АЙЗЕНБЕРГ Не такого уж и вербального на самом деле. Стихи – это все-таки сравнительно позднее увлечение, я стал писать их регулярно лет с четырнадцати-пятнадцати. Именно регулярно, а не эпизодически, как это делают все. До того были редкие и совершенно детские опыты: несколько эпизодов с разрывом в два-три года. А уже лет с пятнадцати стихи постепенно стали превращаться в главное занятие и главное, что ли, жизненное приключение. До этого я все больше рисовал и лепил, занимался в художественных кружках, учился в художественной школе и лет, наверное, до шестнадцати полагал по инерции, что стану художником. Только потом сообразил, что это, в общем-то, дело не мое.
ГОРАЛИК Что могли дать стихи, чего не могло дать все прочее – рисование и пр.?

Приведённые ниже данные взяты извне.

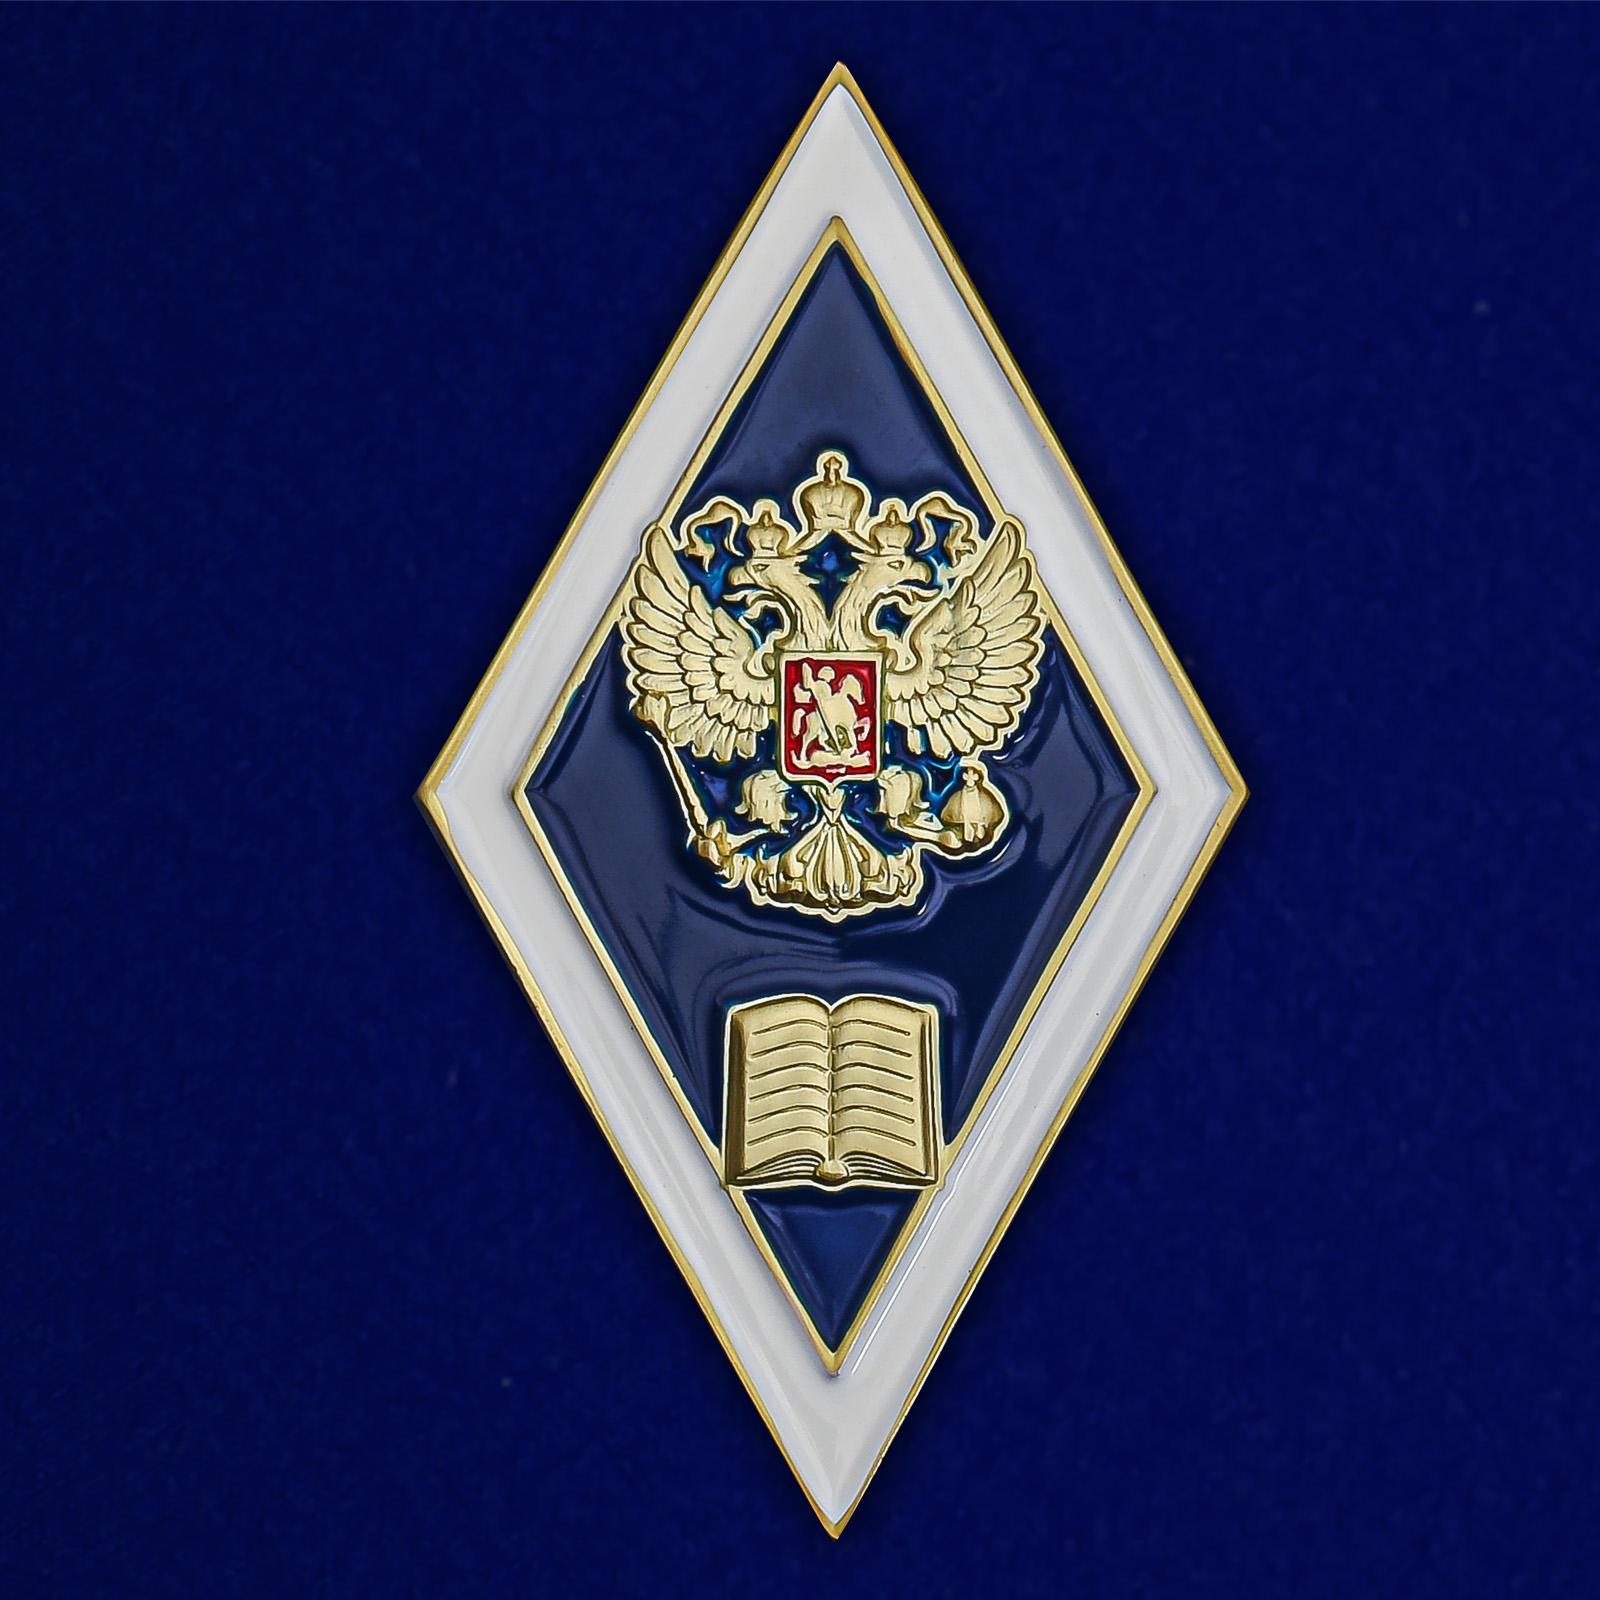 Знак Об окончании гуманитарного ВУЗа РФ

АЙЗЕНБЕРГ Могу признаться, что к тому времени в художественных занятиях обнаружилась какая-то область, мне явно недоступная. Я всегда прилично – ну, на подростковом, конечно, уровне – рисовал с натуры: в основном портреты, но и этюды, натюрморты и т. д. Куда хуже удавались мне так называемые композиции – то, что надо замыслить «из головы». Но ближе всего к настоящей картине, к полотну были именно «композиции», и вообще художник, как нам тогда казалось, – это человек, который пишет «картины», а не какие-то там этюды или натюрморты. Они лишь подготовительный этап для настоящей работы – писания «полотен». Я, слава Б-гу, очень рано почувствовал, что к «полотнам» мне перейти будет затруднительно и что меня вообще смущает сама идея «этапов». А в стихах не было таких подготовительных ступеней, не было и ощущения границы. Там все главное начиналось сразу. Вероятно, поэтому у стихов и не осталось реальных конкурентов, когда я стал немножко понимать, что такое стихи, чувствовать их как именно стихию.